Reliability and validity of three questionnaires measuring context-specific sedentary behaviour and associated correlates in adolescents, adults and older adults

Reliable and valid measures of total sedentary time, context-specific sedentary behaviour (SB) and its potential correlates are useful for the development of future interventions. The purpose was to examine test-retest reliability and criterion validity of three newly developed questionnaires on total sedentary time, context-specific SB and its potential correlates in adolescents, adults and older adults.
Reliability and validity was tested in six different samples of Flemish (Belgium) residents. For the reliability study, 20 adolescents, 22 adults and 20 older adults filled out the age-specific SB questionnaire twice. Test-retest reliability was analysed using Kappa coefficients, Intraclass Correlation Coefficients and/or percentage agreement, separately for the three age groups. For the validity study, data were retrieved from 62 adolescents, 33 adults and 33 older adults, with activPAL™ as criterion measure. Spearman correlations and Bland-Altman plots (or non-parametric approach) were used to analyse criterion validity, separately for the three age groups and for weekday, weekend day and average day.

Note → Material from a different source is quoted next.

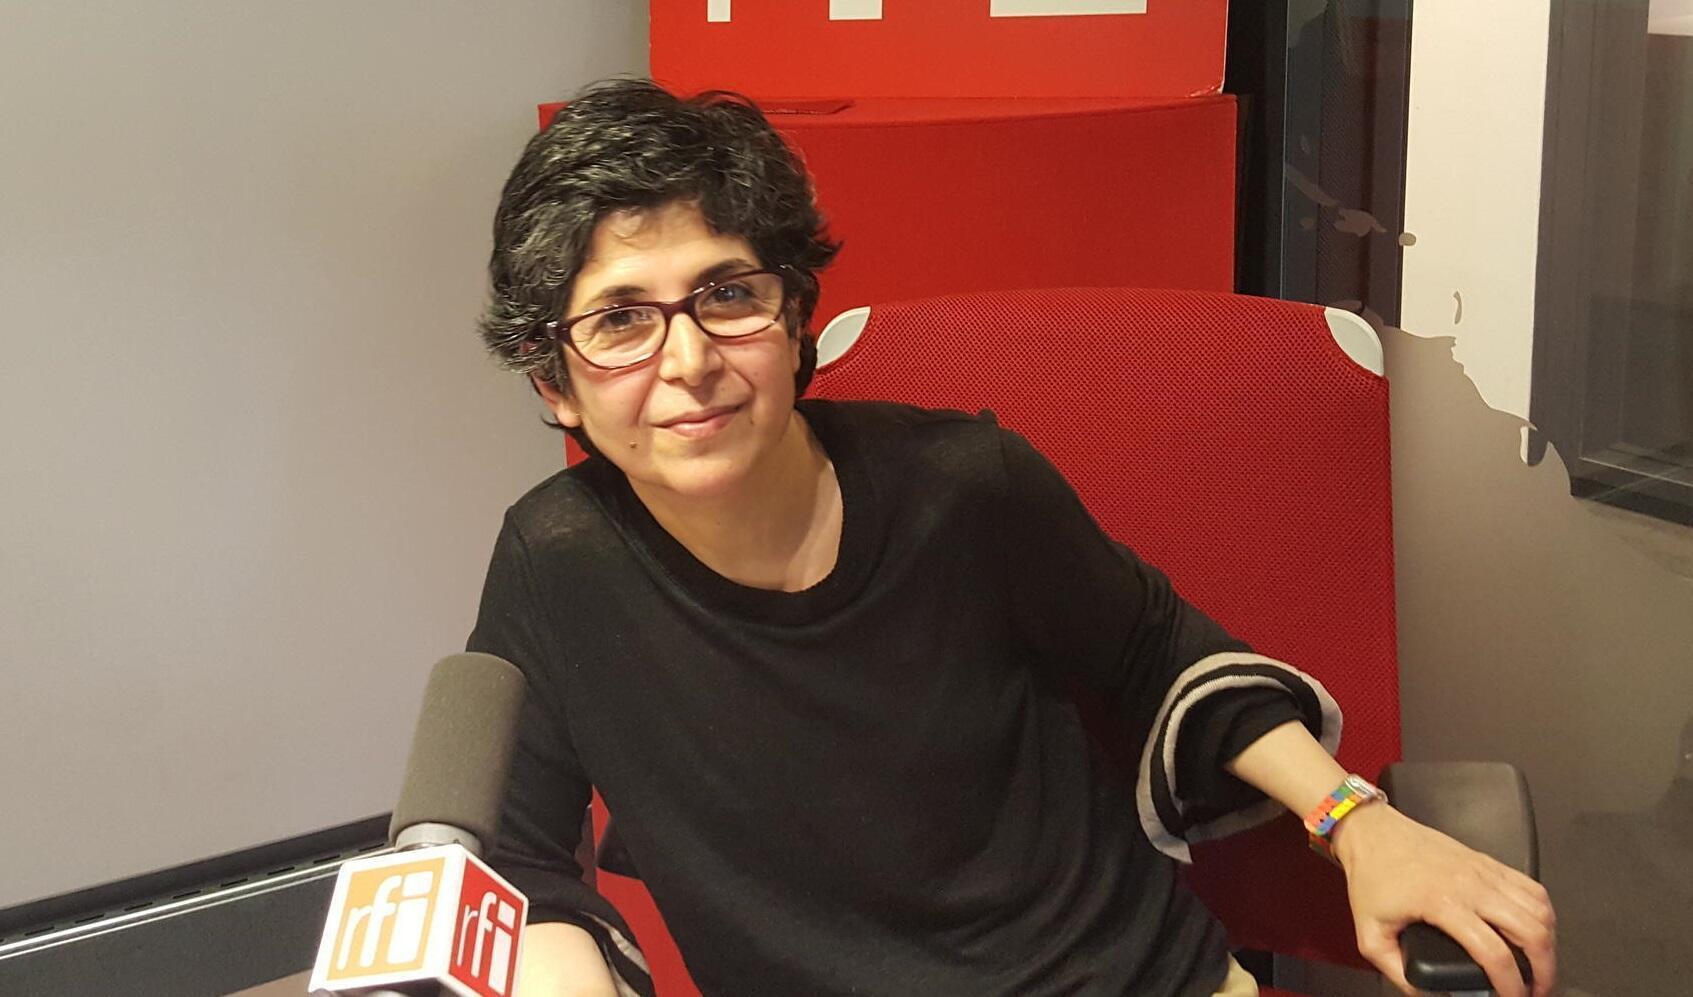 2020-05-19 france iran fariba adelkhah academic prison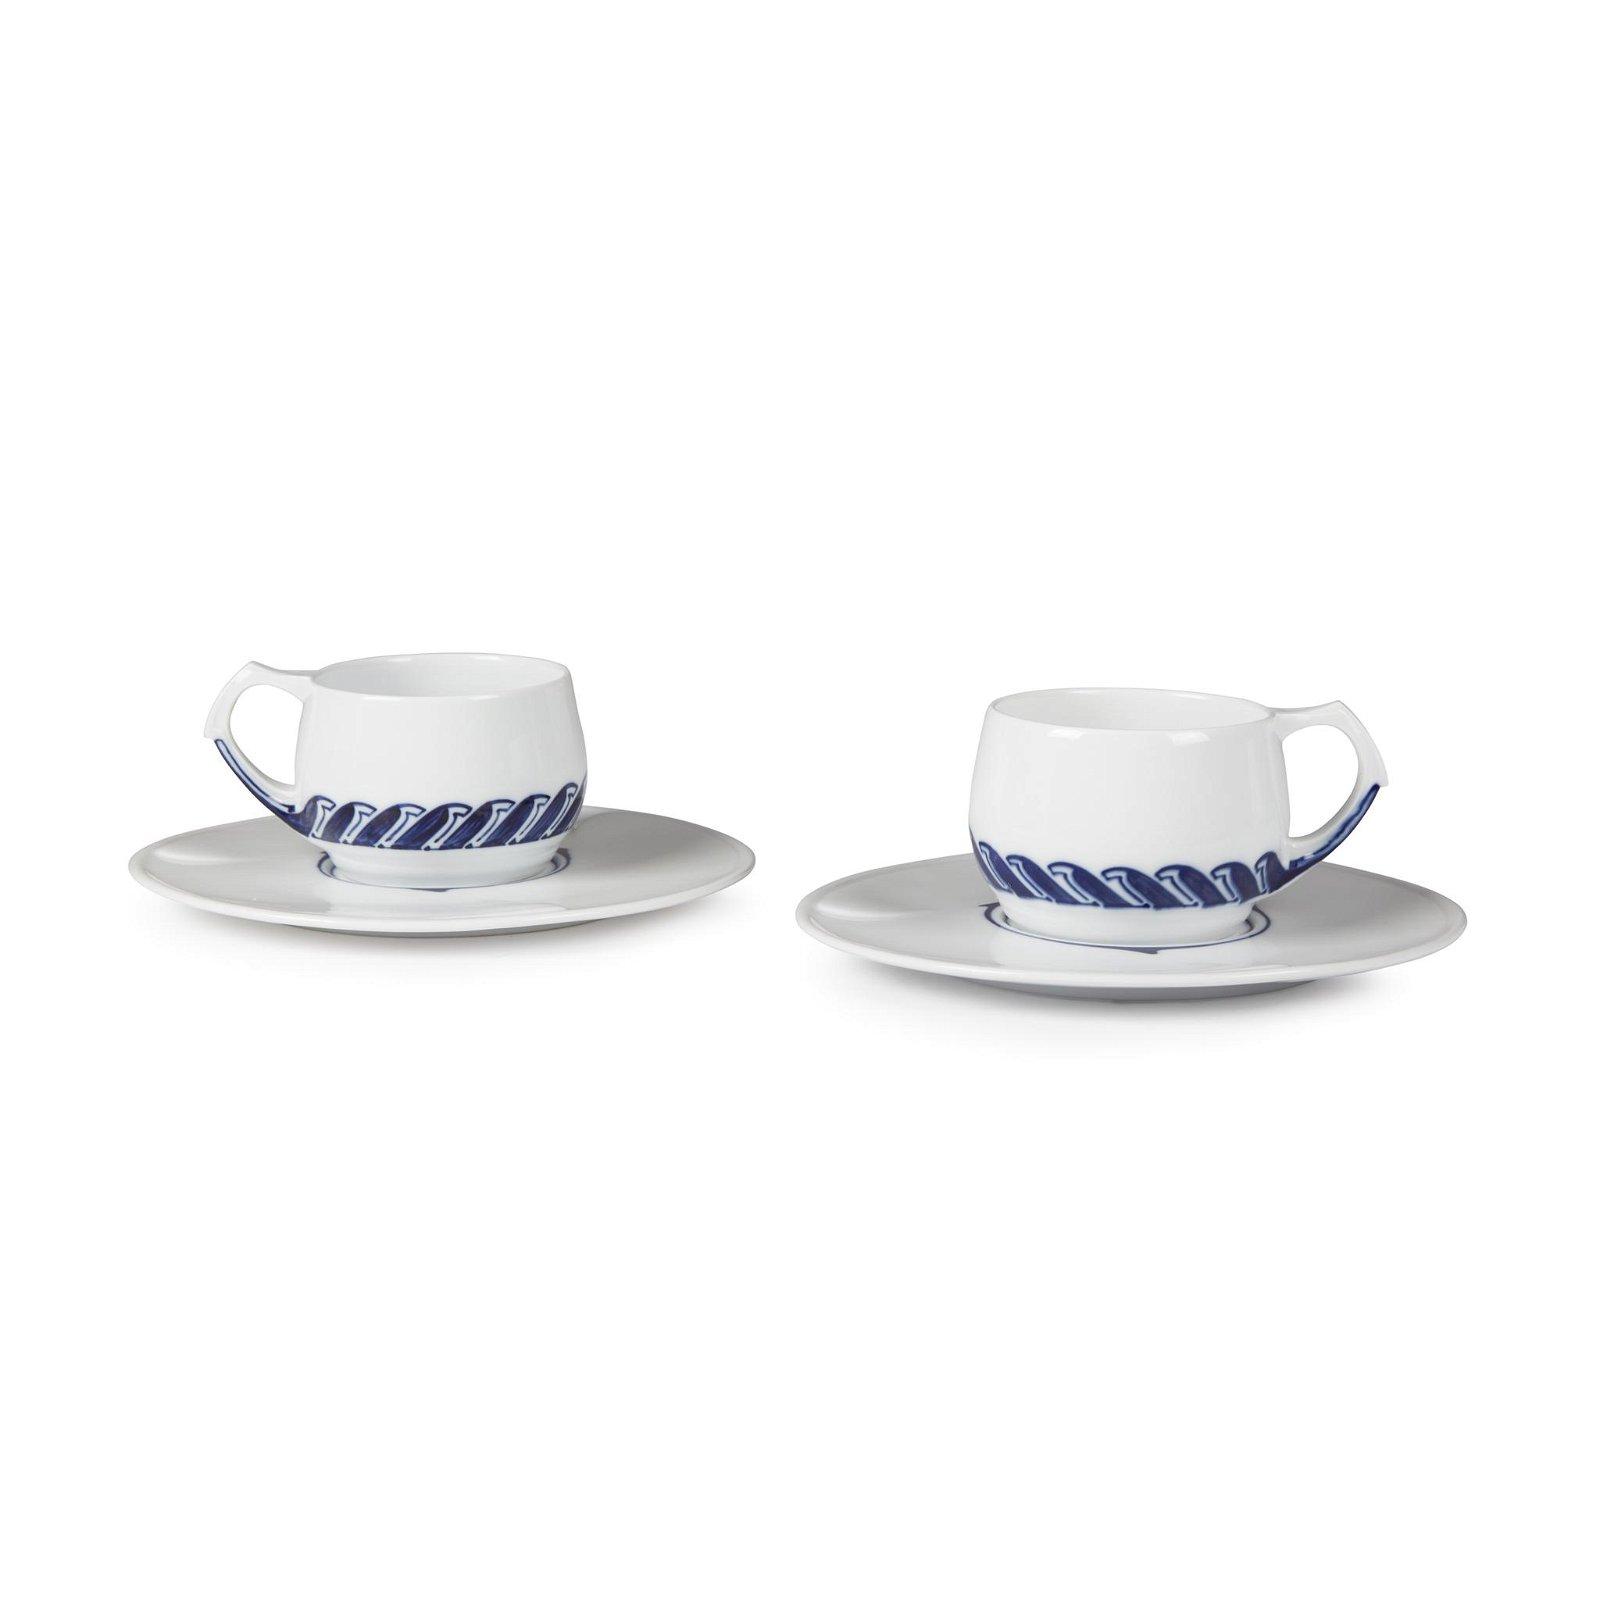 Henry van de Velde (Dutch, 1863-1957), A Pair of Coffee

The test-retest reliability for self-reported total sedentary time indicated following values: ICC = 0.37-0.67 in adolescents; ICC = 0.73-0.77 in adults; ICC = 0.68-0.80 in older adults. Item-specific reliability results (e.g. context-specific SB and its potential correlates) showed good-to-excellent reliability in 67.94 %, 68.90 % and 66.38 % of the items in adolescents, adults and older adults respectively. All items belonging to sedentary-related equipment and simultaneous SB showed good reliability. The sections of the questionnaire with lowest reliability were: context-specific SB (adolescents), potential correlates of computer use (adults) and potential correlates of motorized transport (older adults). Spearman correlations between self-reported total sedentary time and the activPAL™ were different for each age group: ρ = 0.02-0.42 (adolescents), ρ = 0.06-0.52 (adults), ρ = 0.38-0.50 (older adults). Participants over-reported total sedentary time (except for weekend day in older adults) compared to the activPAL™, for weekday, weekend day and average day respectively by +57.05 %, +46.29 %, +53.34 % in adolescents; +40.40 %, +19.15 %, +32.89 % in adults; +10.10 %, −6.24 %, +4.11 % in older adults.
The questionnaires showed acceptable test-retest reliability and criterion validity. However, over-reporting of total SB was noticeable in adolescents and adults. Nevertheless, these questionnaires will be useful in getting context-specific information on SB.